Problem 1: Merging data

In Assignment 6, Problem 2, you were asked merge sales and product data and calculate a new sales column. Your task now is to repeat that manipulation in R using the base merge method. Other methods that may be useful include as.numeric and gsub. Your code should load data locally from sales.csv and products.csv and output the resulting data frame to sales_and_products.csv. The first two lines of the output file should look as follows.

product.id,product.title,region,quantity,price,brand,sales                      
1564518124,Carson Dellosa Ideal School Supply Pattern Blocks Stickers (1564518124),53,667,12.48,Carson-Dellosa,8324.16
library(dplyr)
## 
## 载入程辑包:'dplyr'
## The following objects are masked from 'package:stats':
## 
##     filter, lag
## The following objects are masked from 'package:base':
## 
##     intersect, setdiff, setequal, union
sales_data <- read.csv("sales.csv", sep = ";", quote = "")
products_data <- read.csv("products.csv", sep = ";", quote = "")
products_data$price <- as.numeric(gsub("\\$", "", products_data$price))
merged_data <- merge(sales_data, products_data, by = c("product.id", "product.title"))
merged_data$sales <- merged_data$price * merged_data$quantity
write.csv(merged_data, file = "sales_and_products.csv", row.names = FALSE, quote = FALSE)

Problem 2: Reshaping Salesperson Data

You have three types of salesperson data every month: number of hours worked (Salesperson_hours.csv), number of items sold (Salesperson_items.csv), and a dollar amount for sales (Salesperson_sales.csv). You want to combine this information into a single long format and write this combined data out to Salesperson_long.csv; the first lines of the resulting file should be as follows.

Sales.Associate,Location,Month,Hours,Items,Sales
Alicia,Hillsborough,Apr,61,11,17
Alicia,Hillsborough,Aug,56,5,1
Alicia,Hillsborough,Dec,67,22,157
Alicia,Hillsborough,Feb,77,16,166
# TODO: Insert your code here.
library(reshape2)
library(dplyr)

# Read the CSV files
hours_df <- read.csv("Salesperson_hours.csv")
items_df <- read.csv("Salesperson_items.csv")
sales_df <- read.csv("Salesperson_sales.csv")

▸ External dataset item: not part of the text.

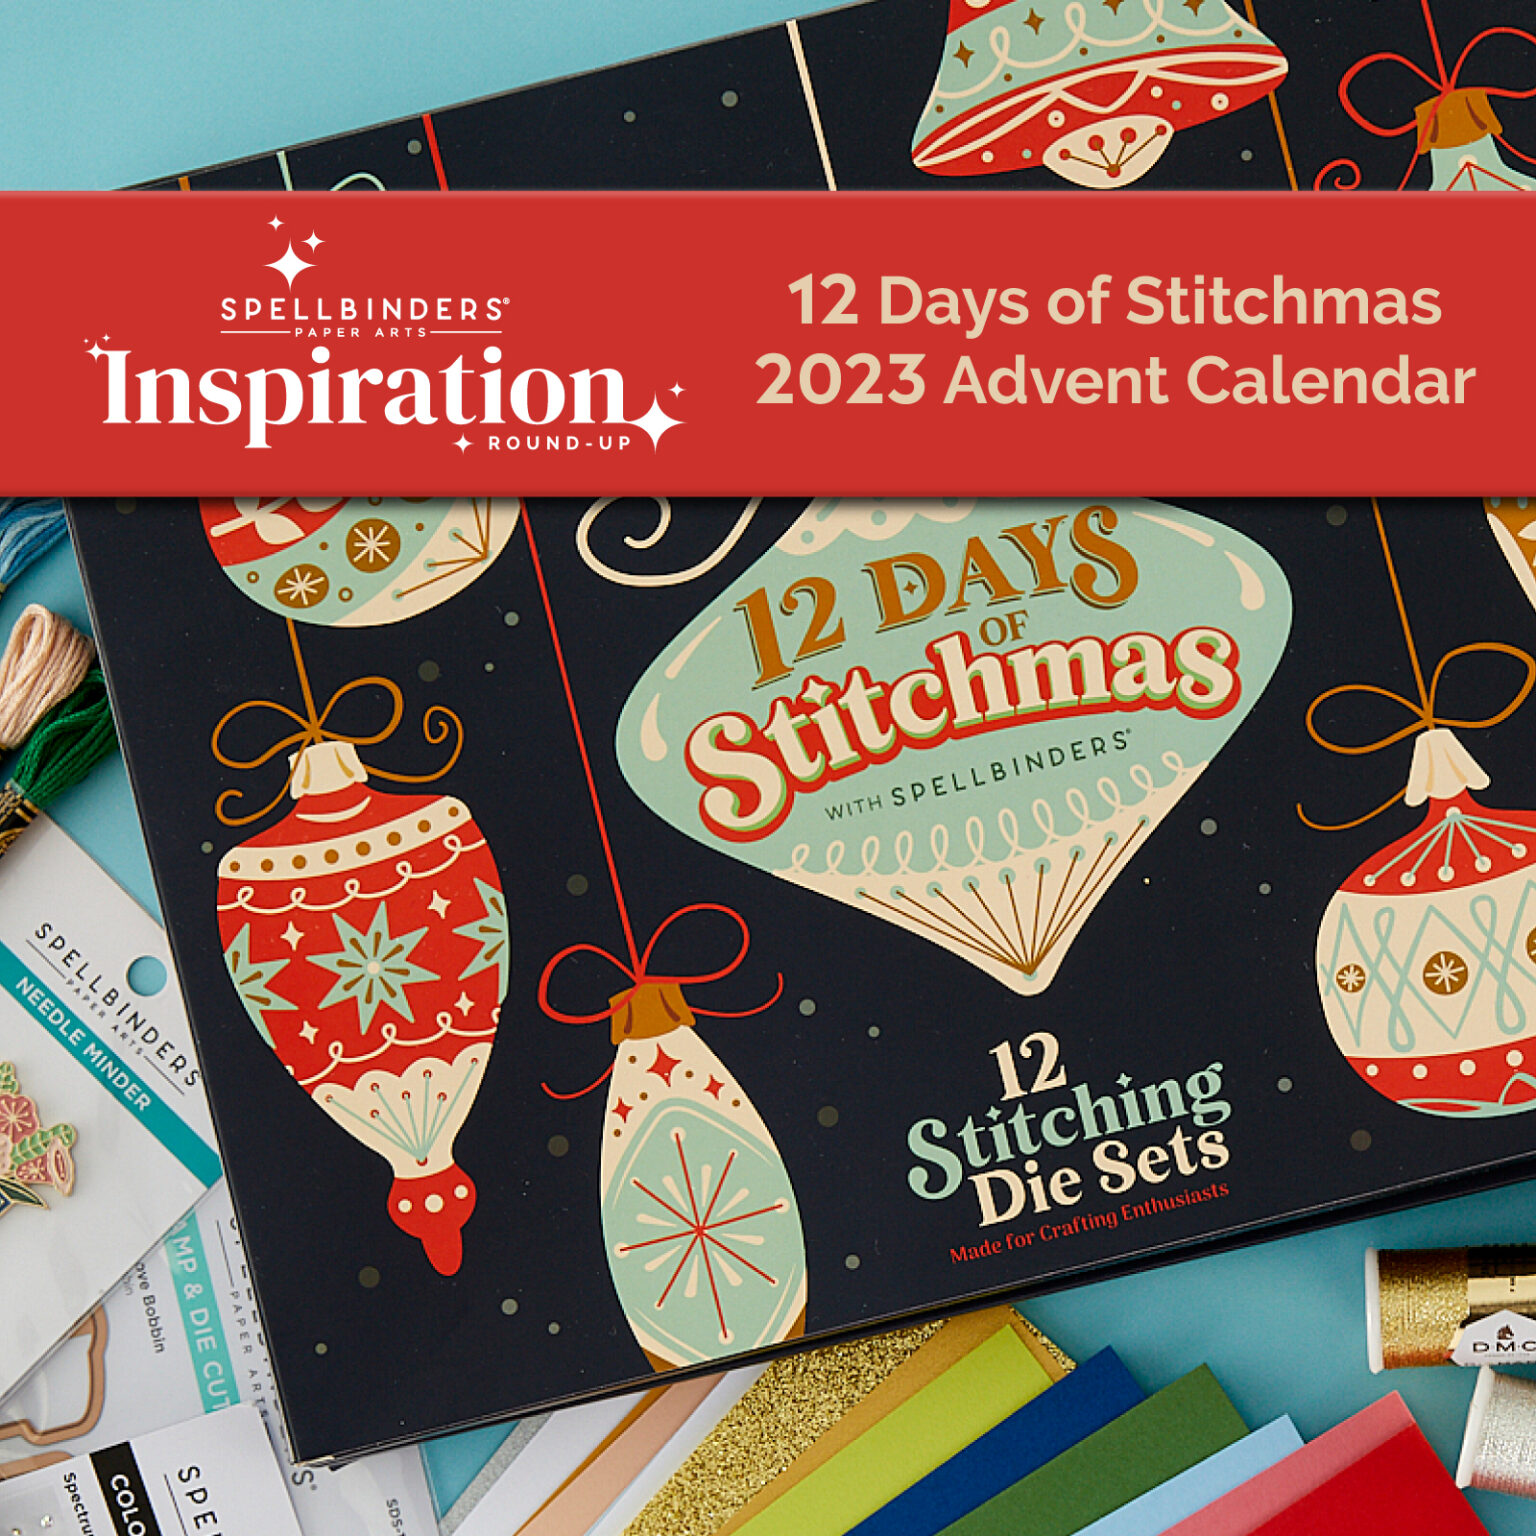 Spellbinders 2023 12 Days of Stitchmas Advent Calendar Inspiration

melted_h <- melt(hours_df, id.vars = c("Sales.Associate", "Location"), variable.name = "Month", value.name = "Hours")
melted_i <- melt(items_df, id.vars = c("Sales.Associate", "Location"), variable.name = "Month", value.name = "Items")
melted_s <- melt(sales_df, id.vars = c("Sales.Associate", "Location"), variable.name = "Month", value.name = "Sales")
merged_df <- merge(melted_h, melted_i, by = c("Sales.Associate", "Location", "Month"))
merged_df <- merge(merged_df, melted_s, by = c("Sales.Associate", "Location", "Month"))

write.csv(merged_df, "Salesperson_long.csv", row.names = FALSE, quote = FALSE)